Доктор Ма Хайде подошёл к ним, а Цзян Цин и Су Фи направились на кухню и через несколько минут вернулись с подносами, на которых принесли и расставили на столе две бутылки китайской водки, чашечки с земляными орешками, любимой закуской Мао, тарелки с рисовыми лепешками, соевый соус в мисках, чашку со стручковым красным перцем и стаканы из тонкого стекла с изображением дерущихся драконов.
– Прошу к столу! – пригласил Мао. И обратился к Владимирову: – А вас прошу сесть рядом со мной.
Кан Шэн тоже сел рядом с Мао по другую сторону. Остальные расселись напротив.
Владимиров немало удивился, когда доктор Ма Хайде, как у себя дома, взял бутылку с водкой и разлил её по стаканам.
Мао поднял свой стакан, посмотрела на рисунок, и чуть заметная улыбка скользнула по его губам.
– Я предлагаю выпить, – сказал он, – за антияпонский союз между всеми, кто искренне в нём заинтересован. И неважно, на каком материке или части света будут находиться те, кто протянет нам руку дружбы!..

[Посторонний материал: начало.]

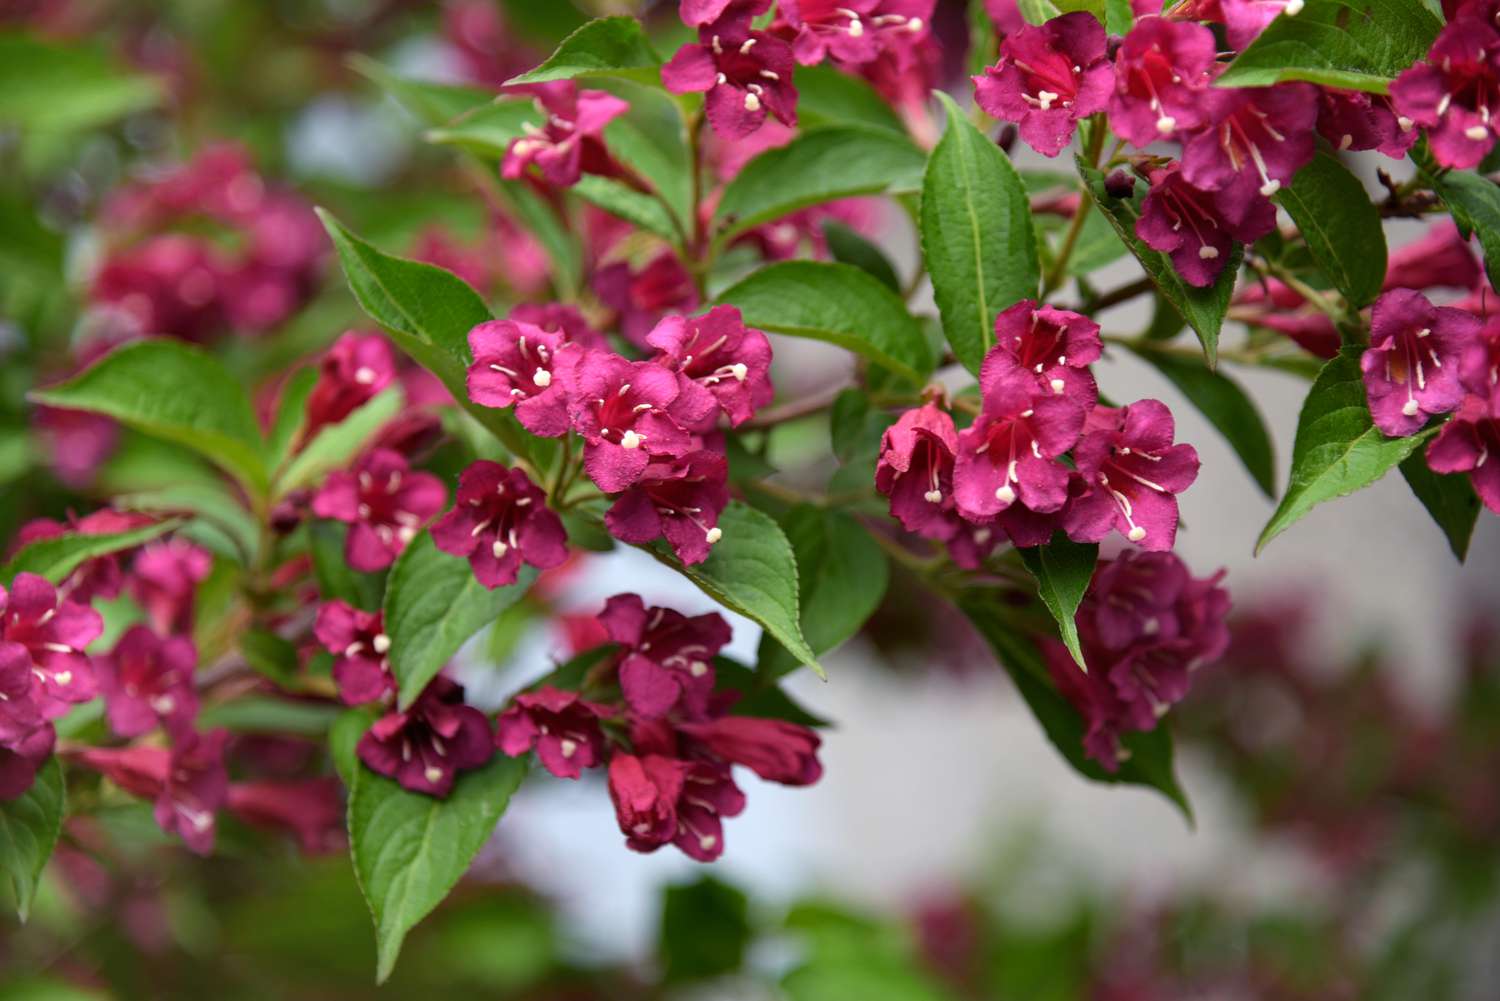 Weigela-Pflanze mit tiefrosa Blüten, die Kolibris anziehen

После этих слов Мао Цзэдун опрокинул в рот содержимое стакана, на какое‑то мгновение замер, затем выдохнула из себя воздух и обронил:
– Хорошо…
Выпили по очереди: сначала Кан Шэн, за ним Владимиров и доктор Ма Хайде. Су Фи только коснулась к водке губами, а Цзян Цин тихо сказала:
– Мне нельзя…
Не успели закусить, как доктор Ма Хайде снова разлил водку по стаканам.
– Друзья! – сказал Мао, медленно обводя взглядом сидящих за столом. – Нам всем надо быть очень внимательными и осторожными, и в делах, и в своих словах. Я к чему это говорю. Мне доложили, что на вчерашнем митинге в городе выступил командир нашей сто двадцатой пехотной дивизии, делегат предстоящего съезда партии товарищ Хэ Лун с призывом направить все силы на борьбу с Гоминьданом. Хороший порыв, но остается только сожалеть, что этот порыв направлен не в ту сторону. Товарищ Хэ Лун, насколько я знаю, хороший командир, Храбрый воин и пользуется большим авторитетом среди военных. Больше того, мы намеревались даже поручить ему руководство штабом войск нашего гарнизона. Я полагаю, надо повременить с этим назначением. Наши предки всегда говорили с осторожностью, так как опасались, что не смогут выполнить сказанного. Это тоже сказал Конфуций. Остается сожалеть, что товарищ Хэ Лун не знал об этом. Но это я сказал к слову. А предлагаю я выпить за товарища Сун Пина. Он вместе со своими подчинёнными представляет у нас великую державу, которая сегодня изо всех сил борется с нашим заклятым врагом – фашизмом, опутавшим своими ядовитыми щупальцами не только Европу, но и Азию…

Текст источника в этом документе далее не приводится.